_Task to complete:_
Output all of the lines below exactly, and leave out each image.
[[ Raw data open ]]
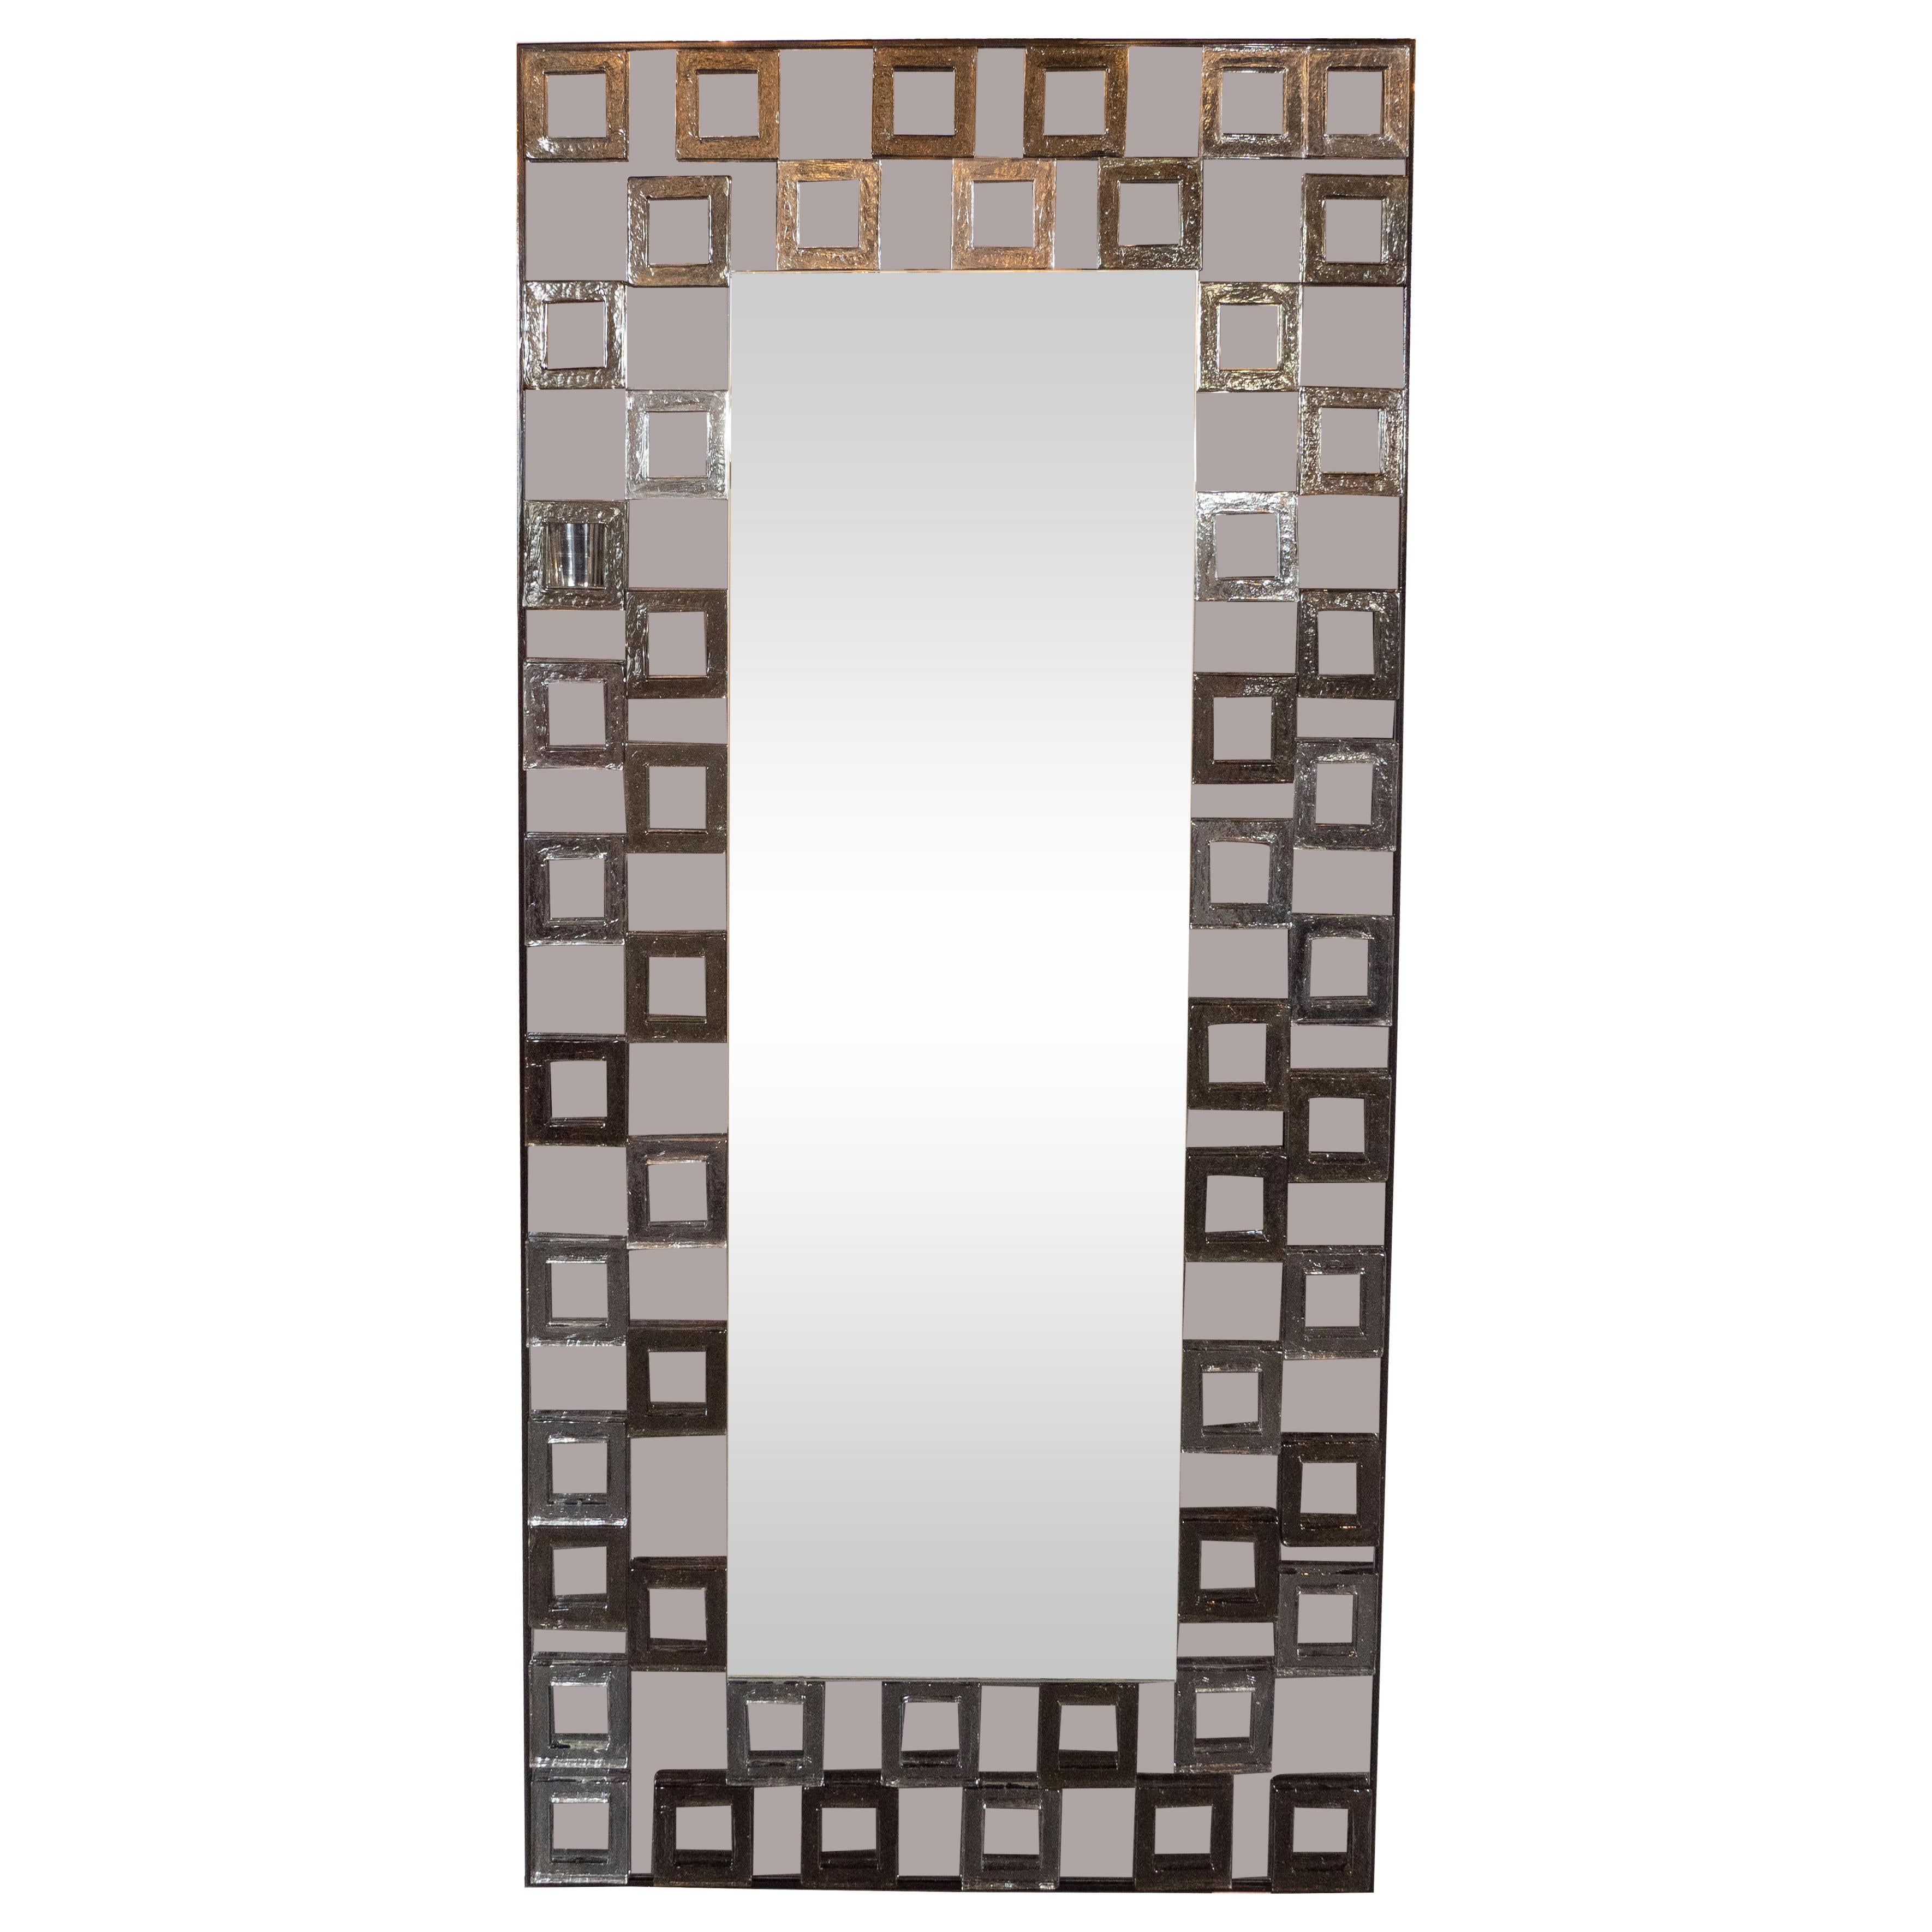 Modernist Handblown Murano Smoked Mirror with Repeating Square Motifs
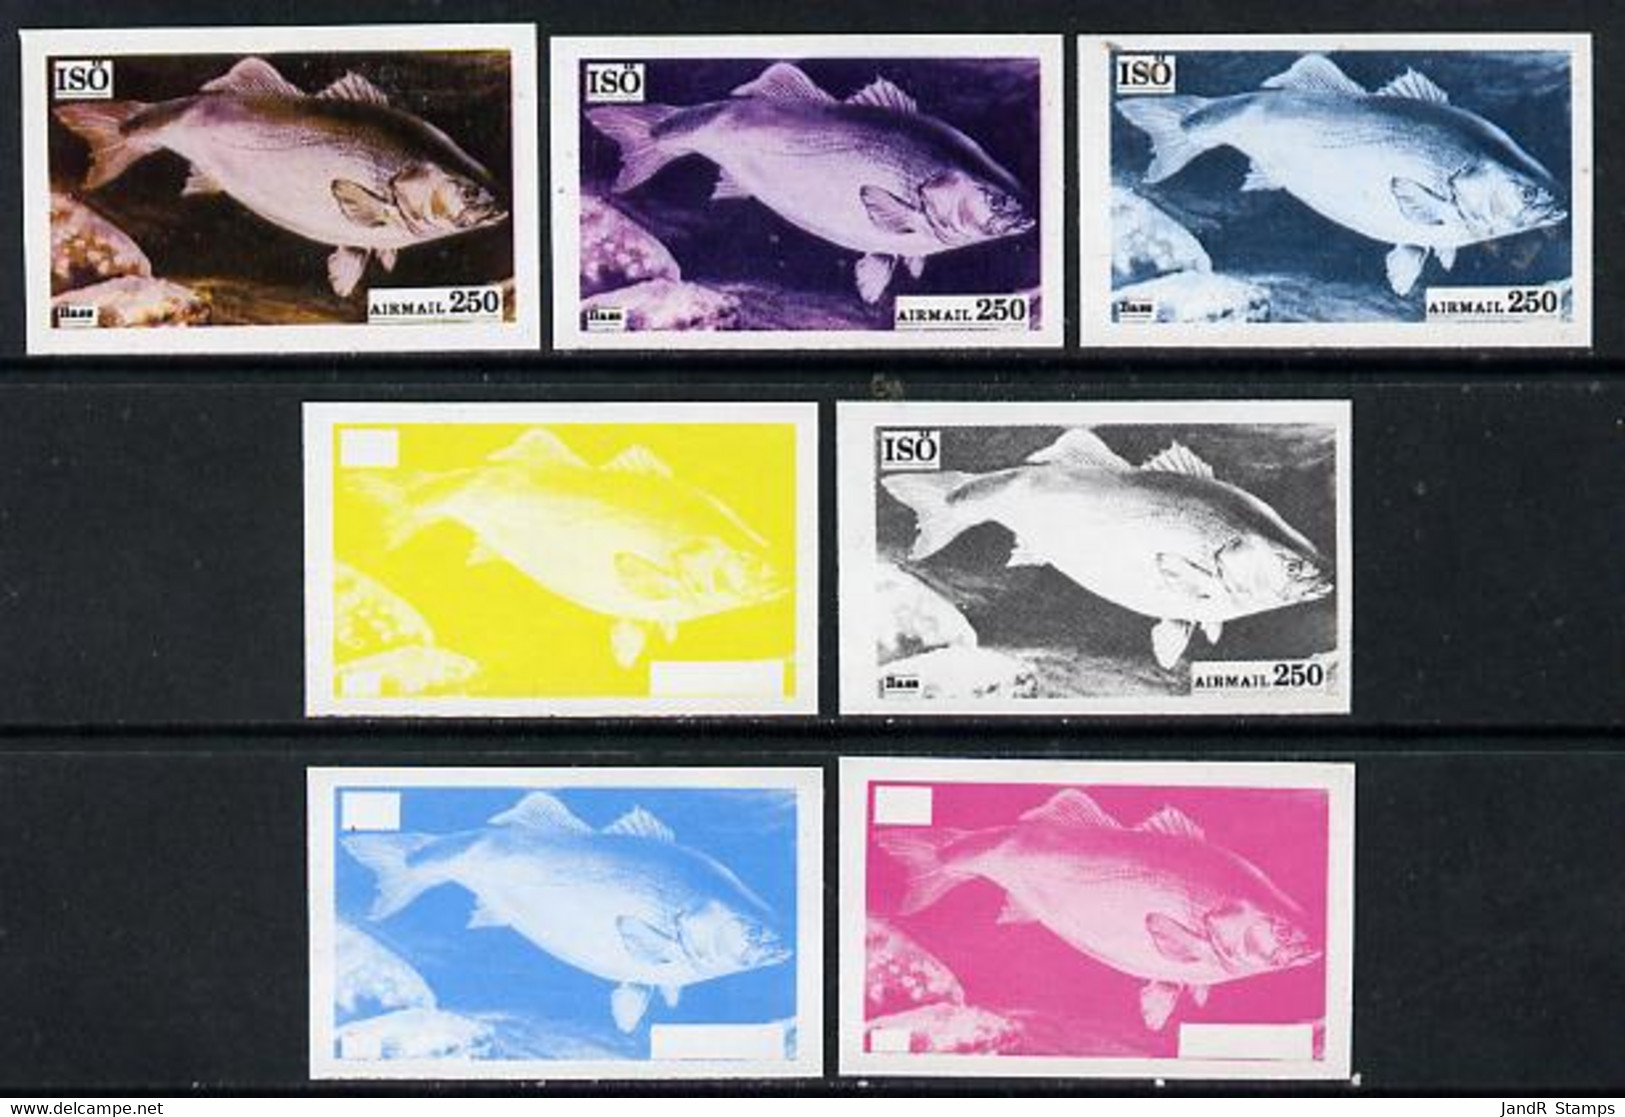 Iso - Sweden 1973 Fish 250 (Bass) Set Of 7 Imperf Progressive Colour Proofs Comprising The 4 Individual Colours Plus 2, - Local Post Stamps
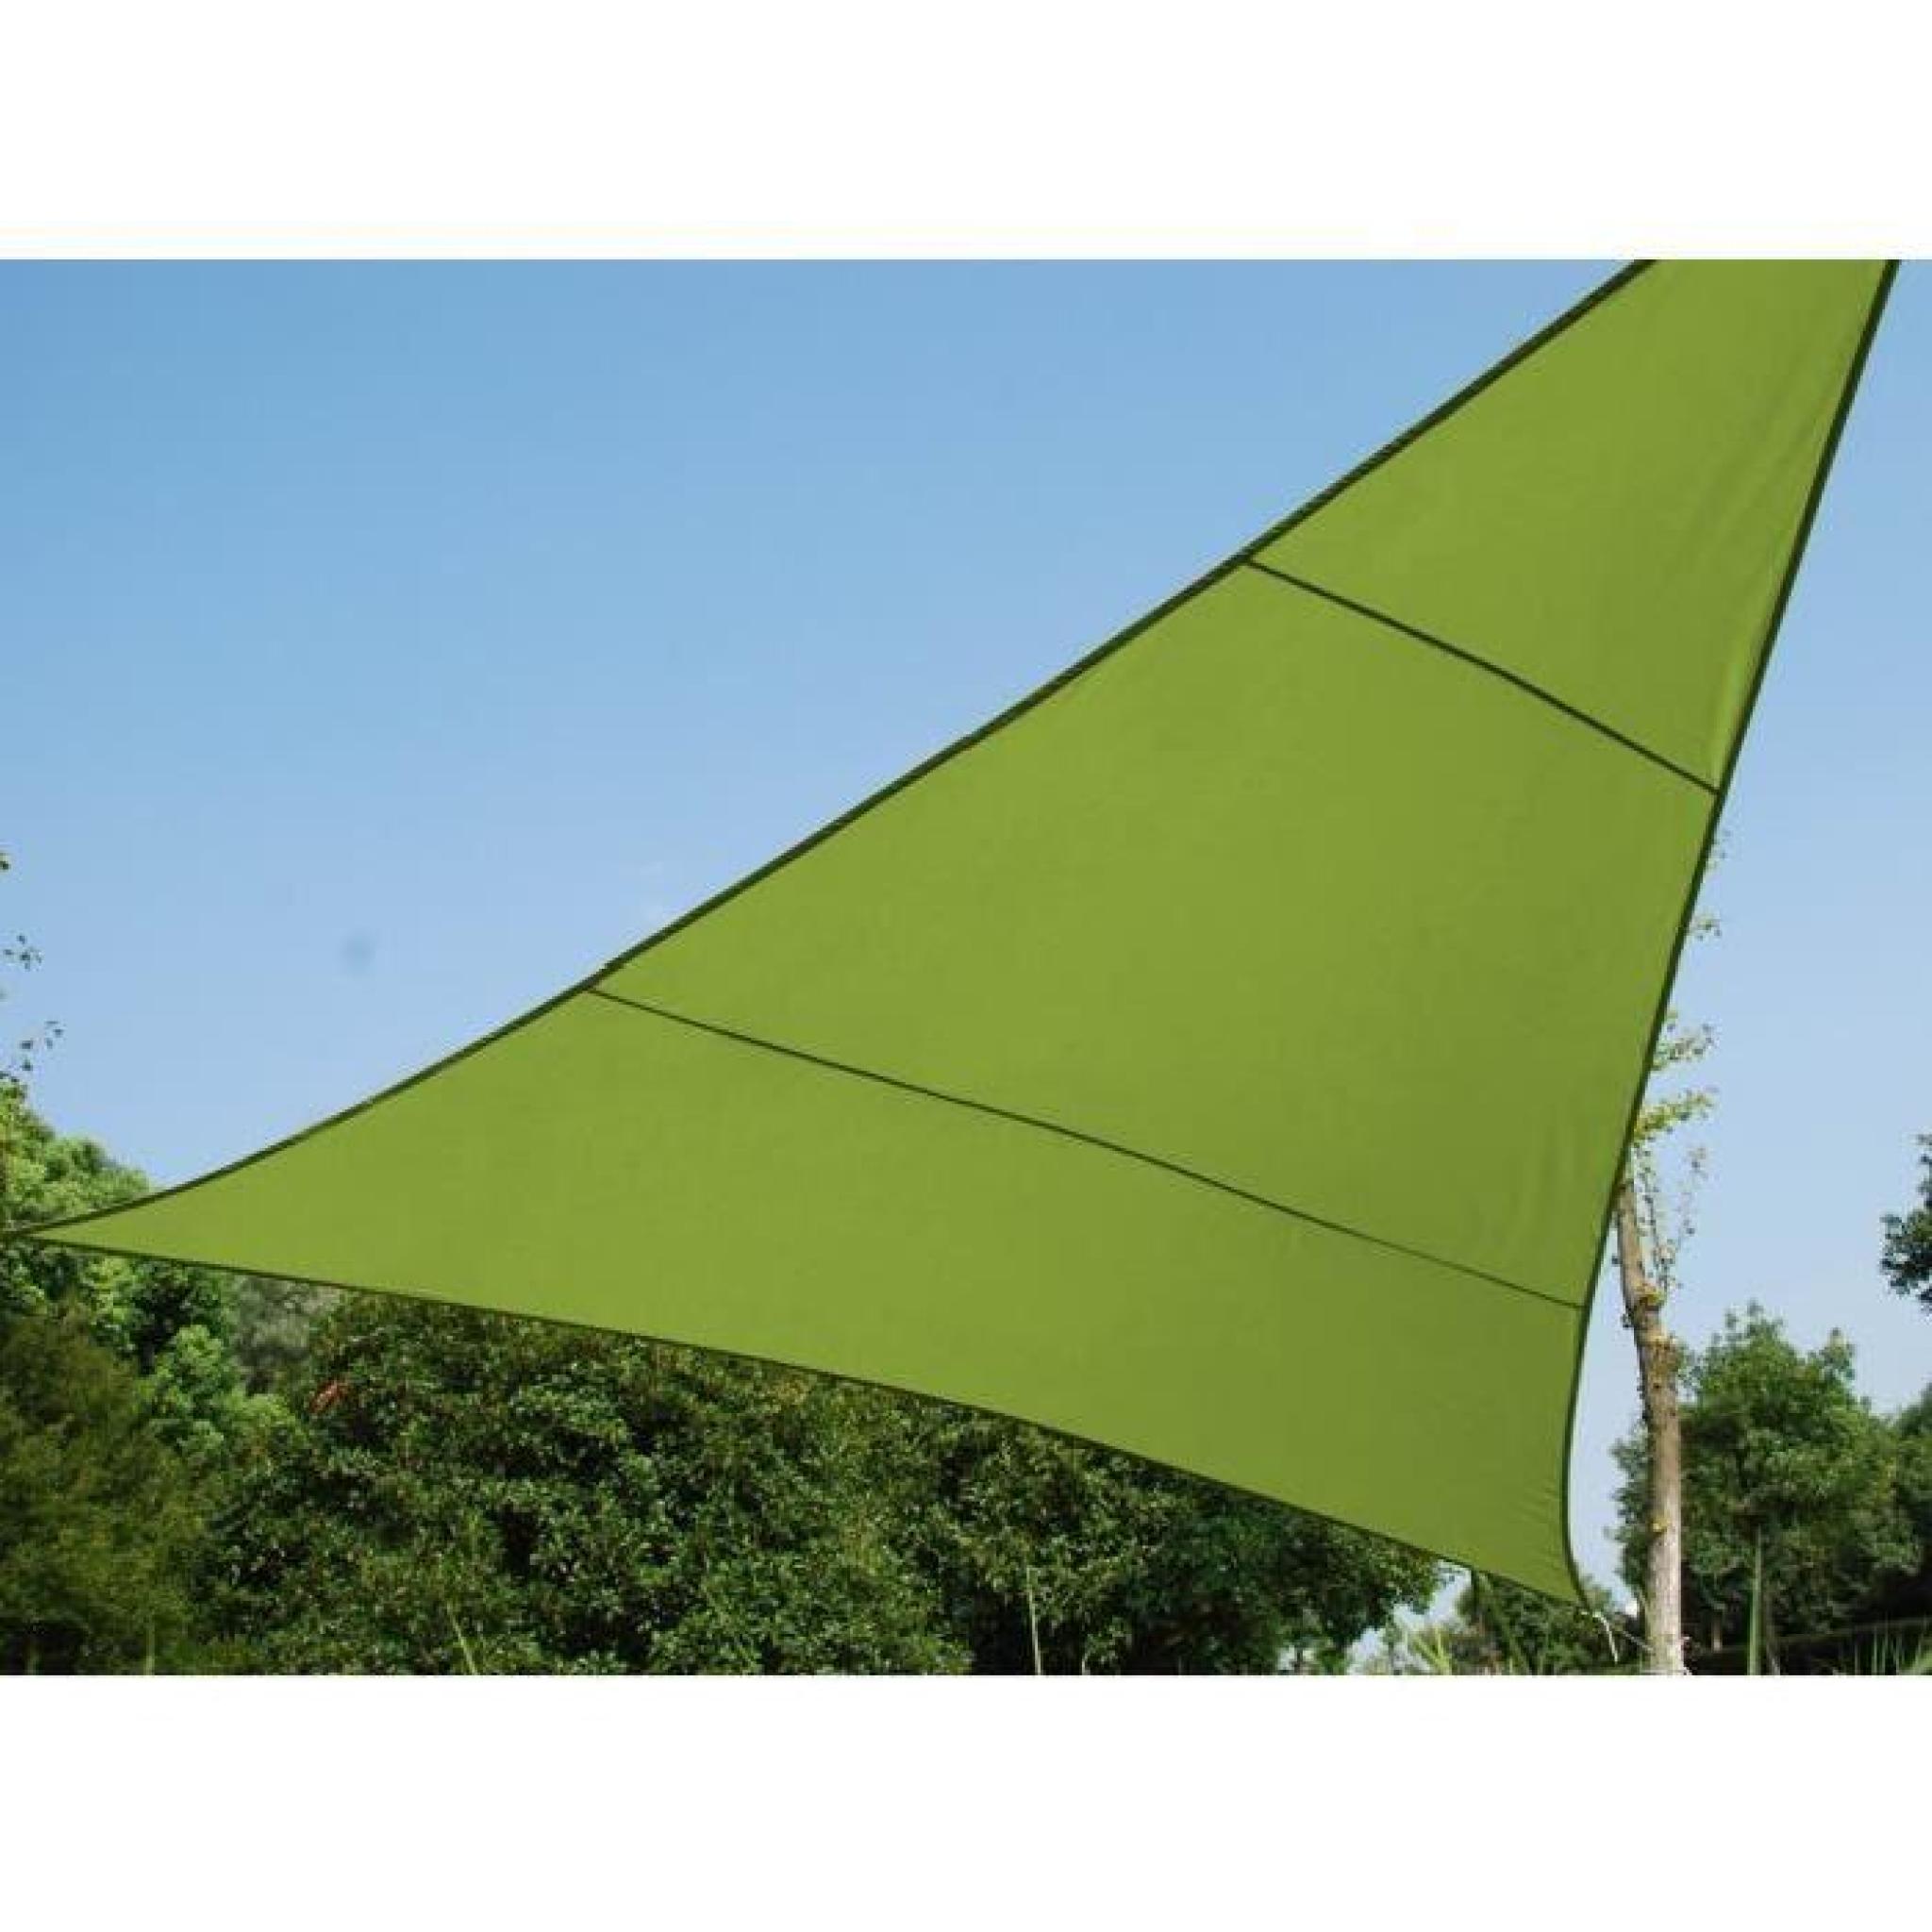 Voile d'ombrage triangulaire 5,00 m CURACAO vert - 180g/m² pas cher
[[ Raw data closed ]]
_Completed task:_
 Modernist Handblown Murano Smoked Mirror with Repeating Square Motifs
 Iso - Sweden 1973 Fish 250 (Bass) Set Of 7 Imperf Progressive Colour Proofs Comprising The 4 Individual Colours Plus 2, - Local Post Stamps
 Voile d'ombrage triangulaire 5,00 m CURACAO vert - 180g/m² pas cher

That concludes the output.